**TASK BRIEF:** In the records that follow, find the line containing "12.2 FILE ORGANIZATION AND ACCESS" and the line containing "New Fuhu Nabi", then transcribe both and every line between them exactly, omitting pictures.

**RECORDS FOR THIS TASK:**

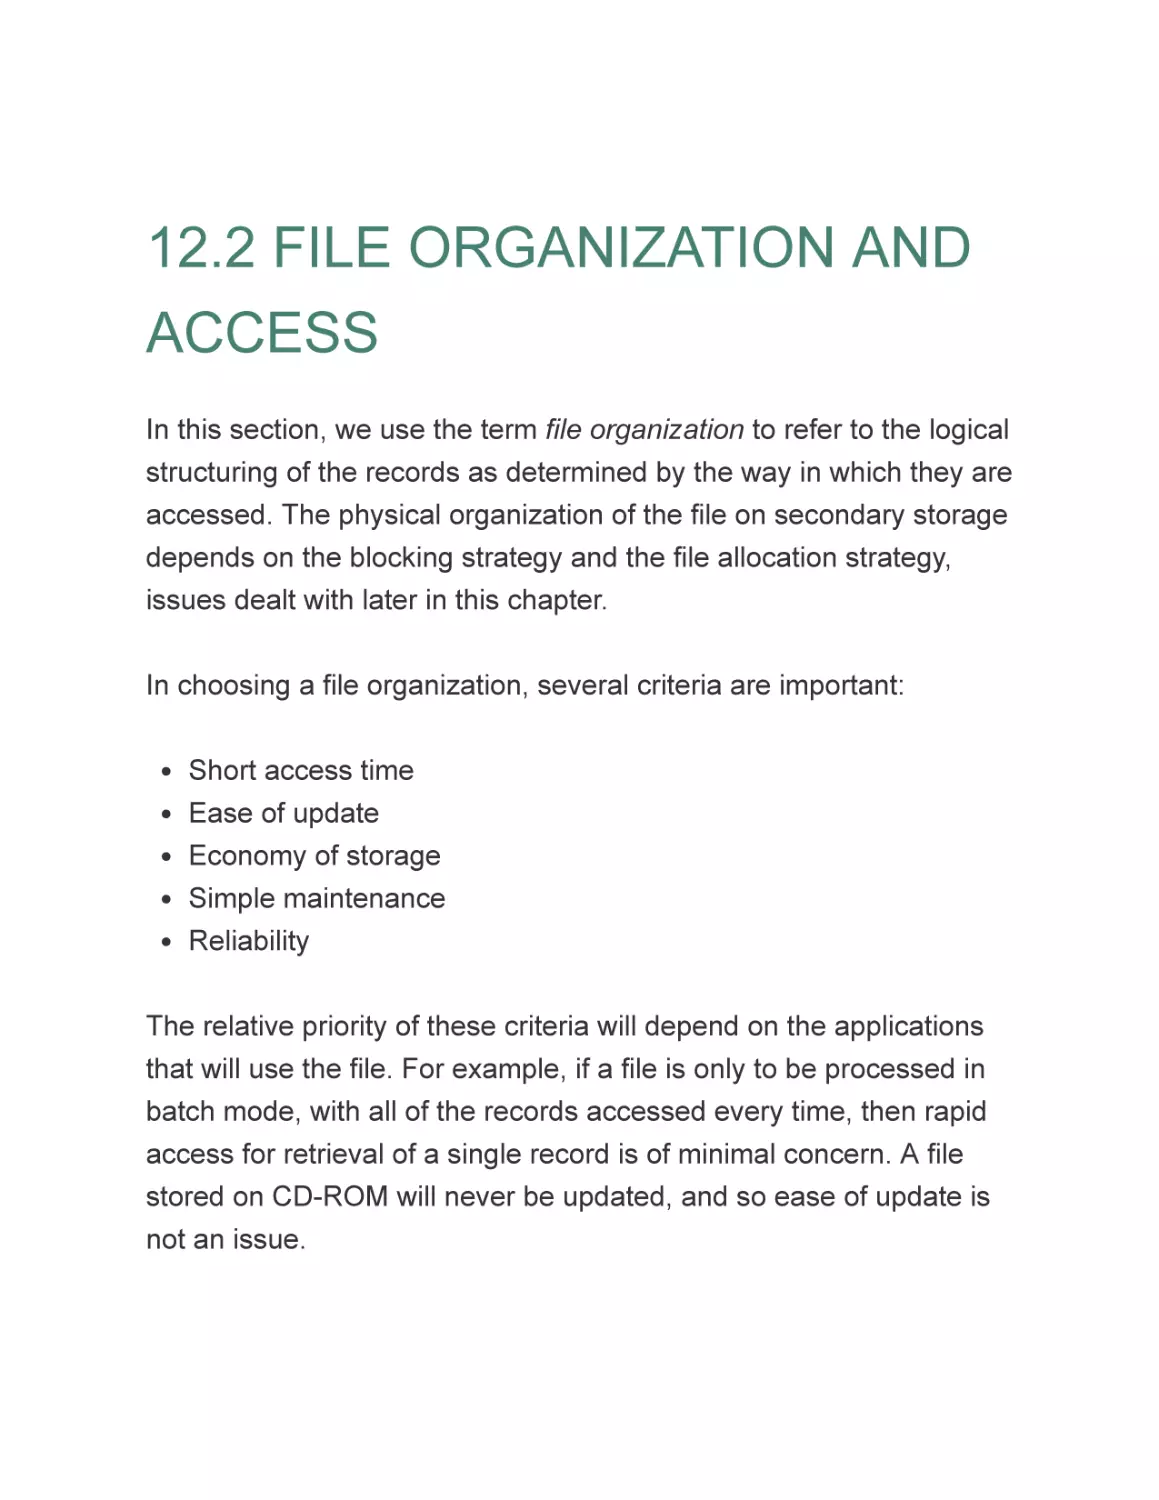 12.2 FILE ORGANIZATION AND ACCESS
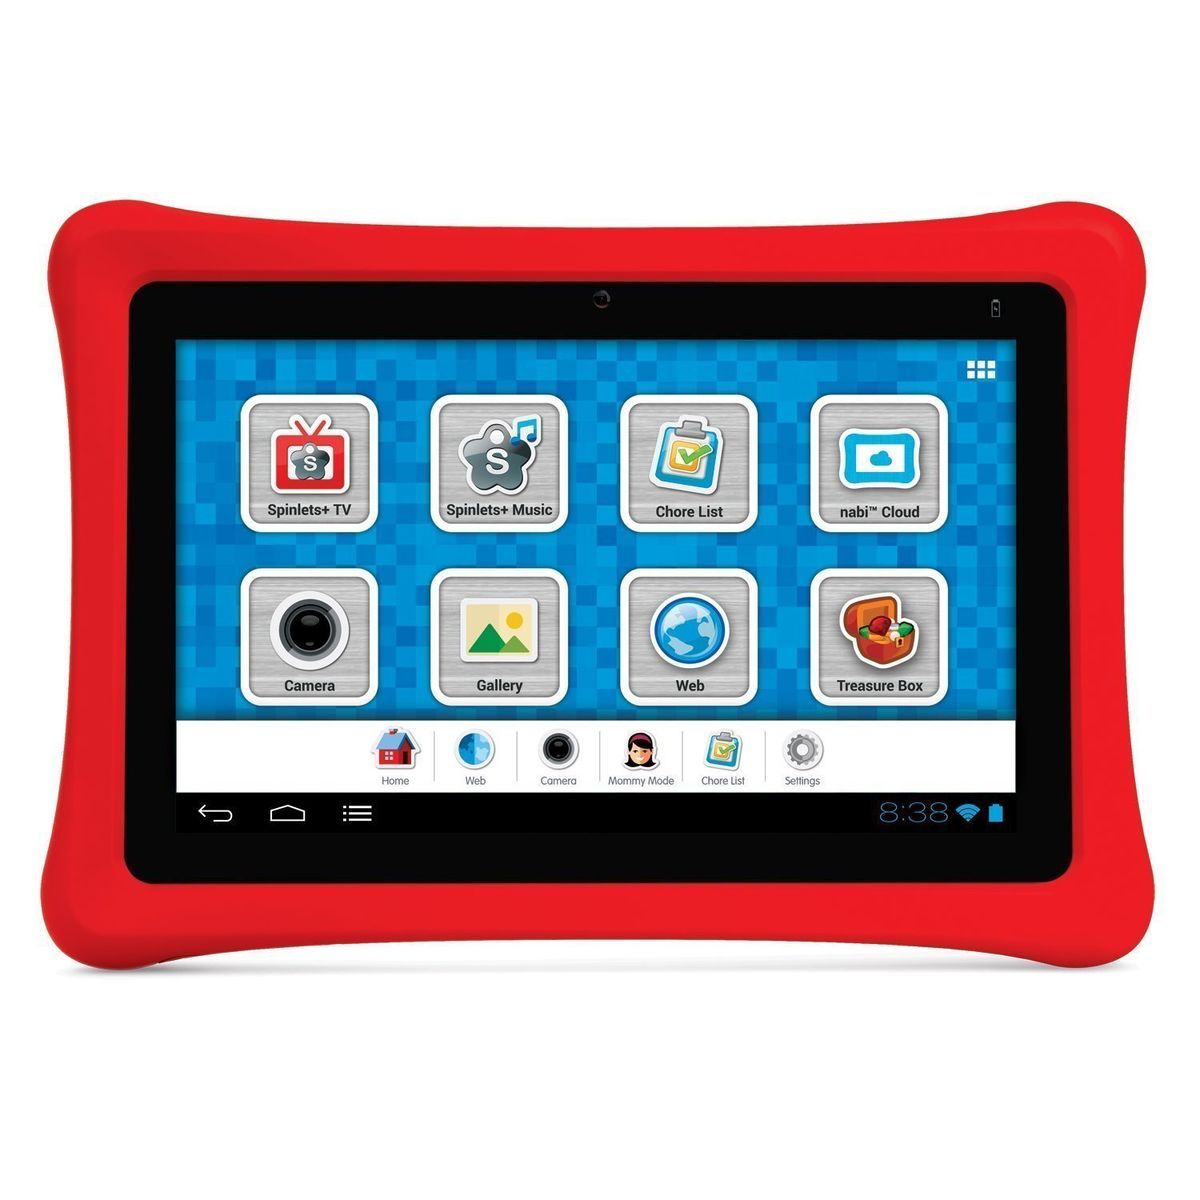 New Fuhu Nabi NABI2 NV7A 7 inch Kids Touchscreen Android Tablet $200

==

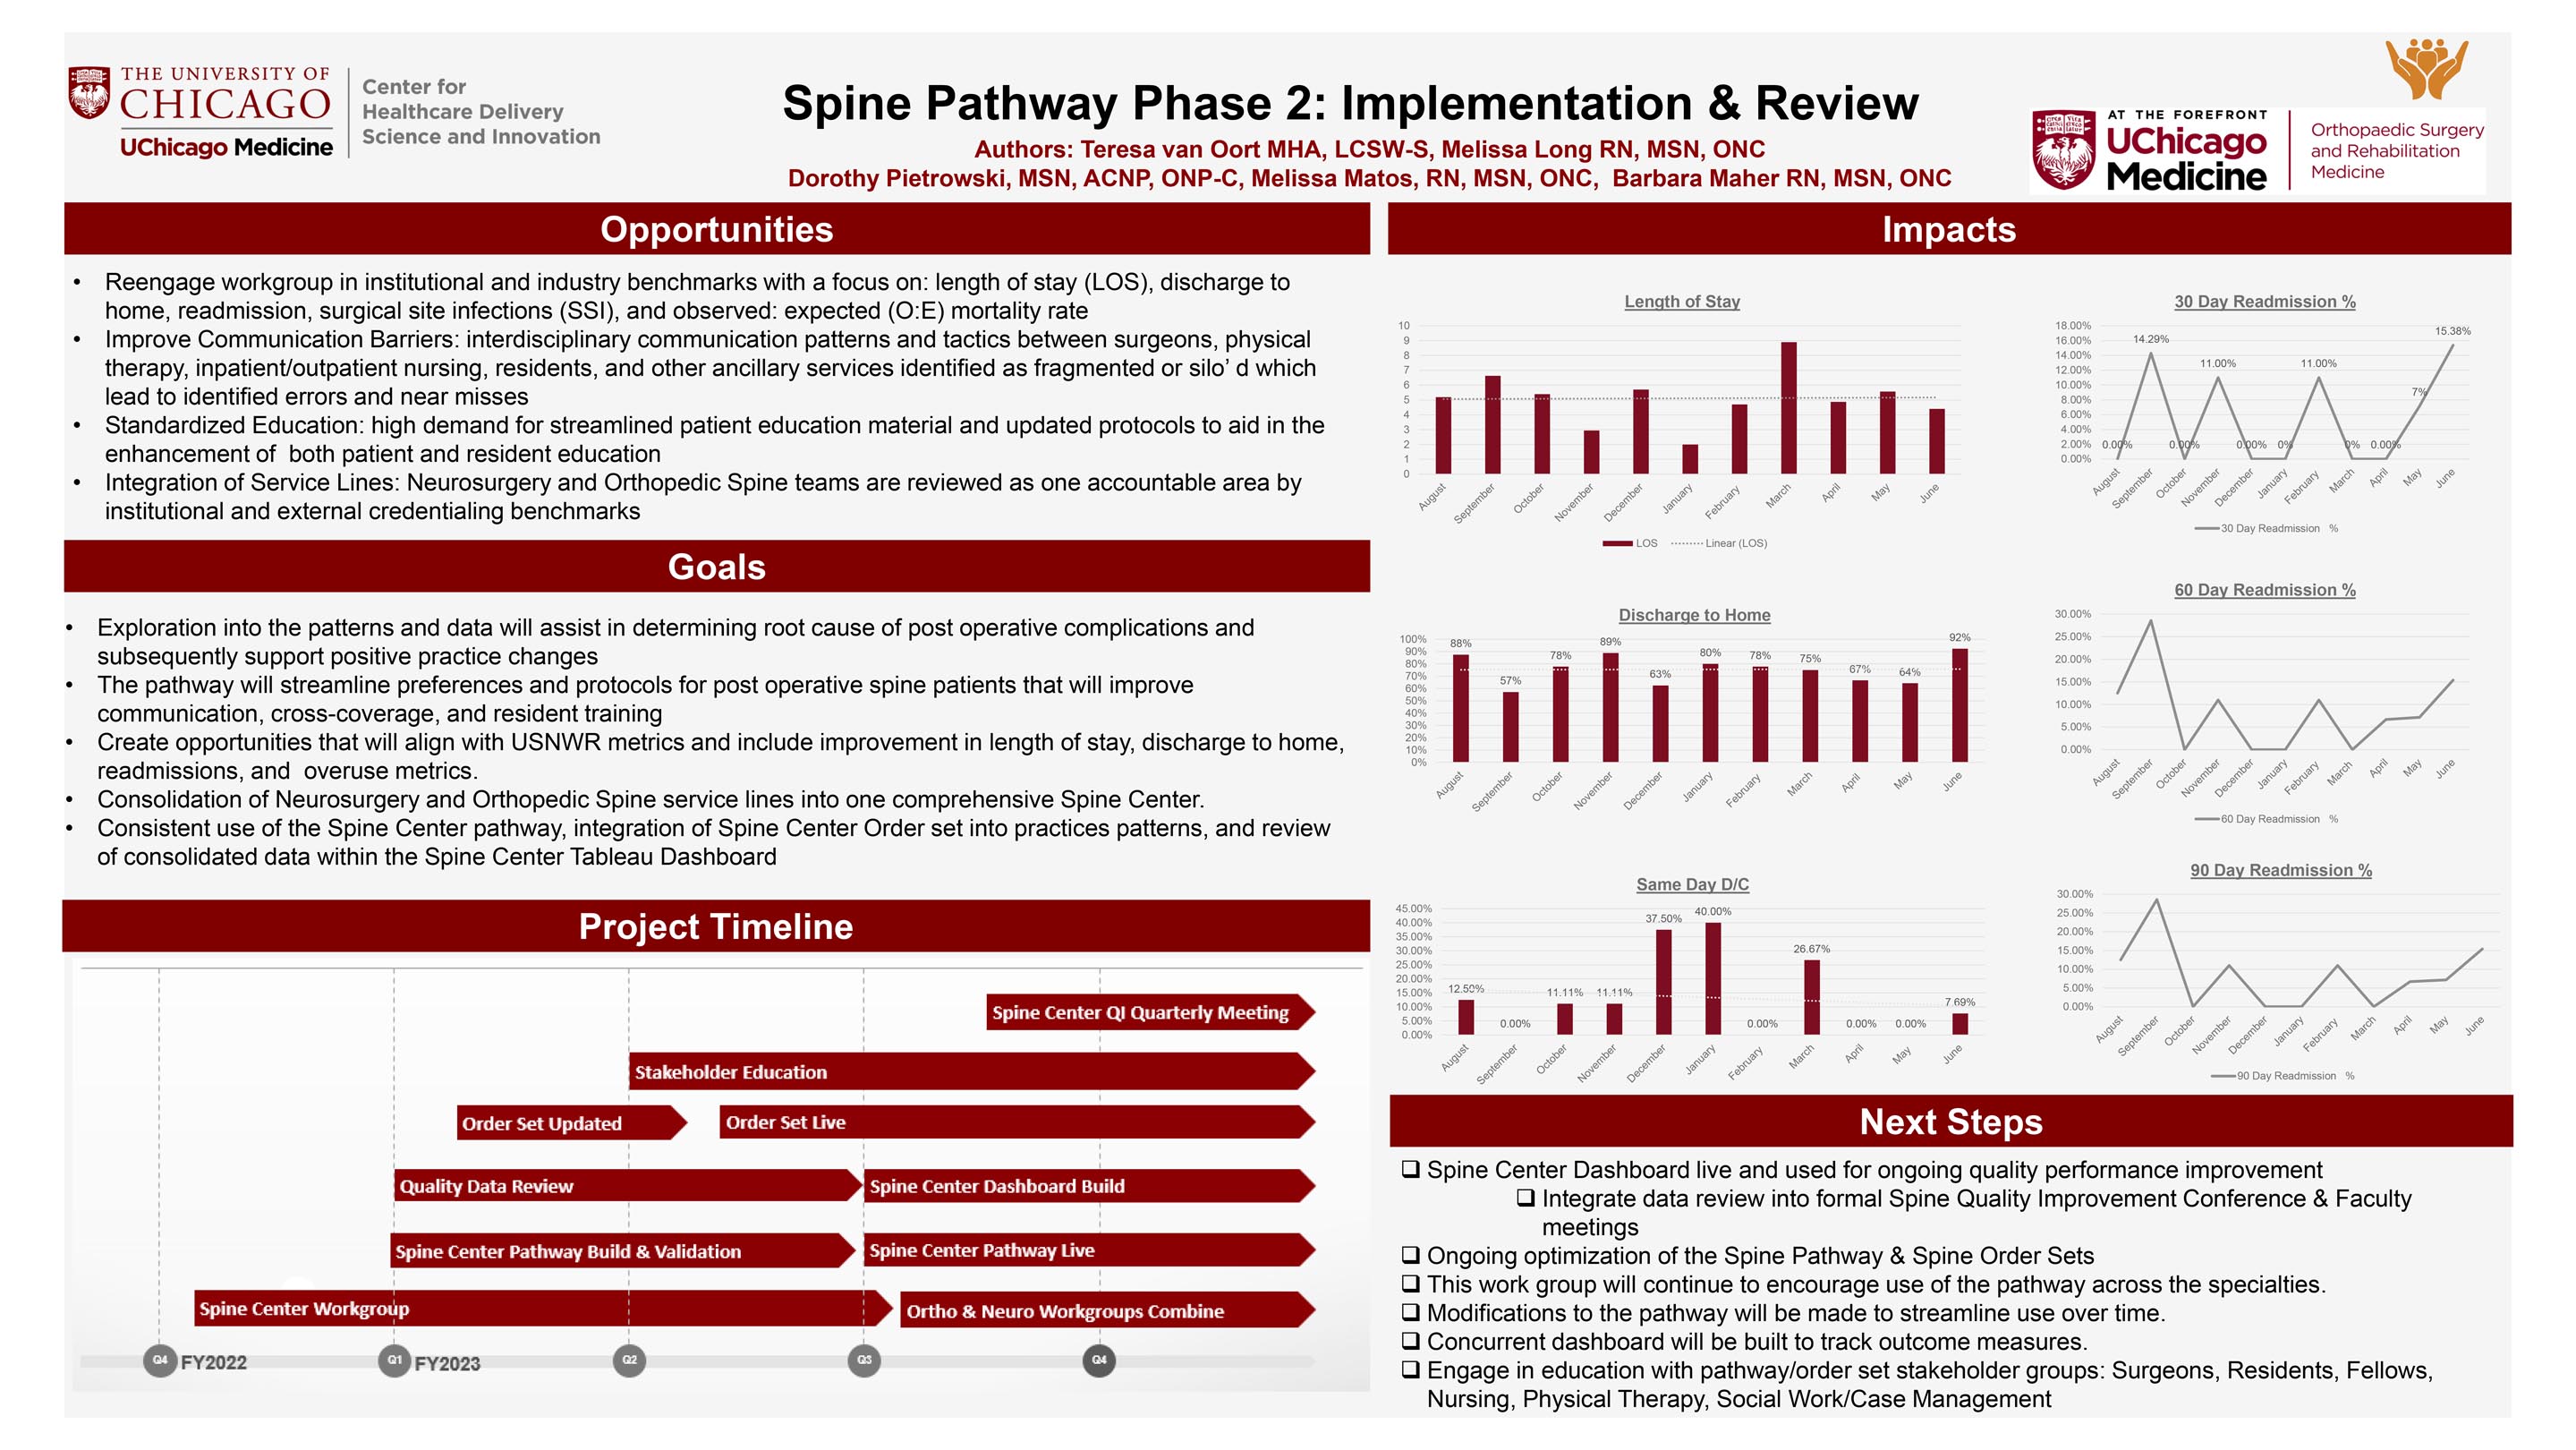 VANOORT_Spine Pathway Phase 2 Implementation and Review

**RESPONSE:**
 12.2 FILE ORGANIZATION AND ACCESS
 New Fuhu Nabi NABI2 NV7A 7 inch Kids Touchscreen Android Tablet $200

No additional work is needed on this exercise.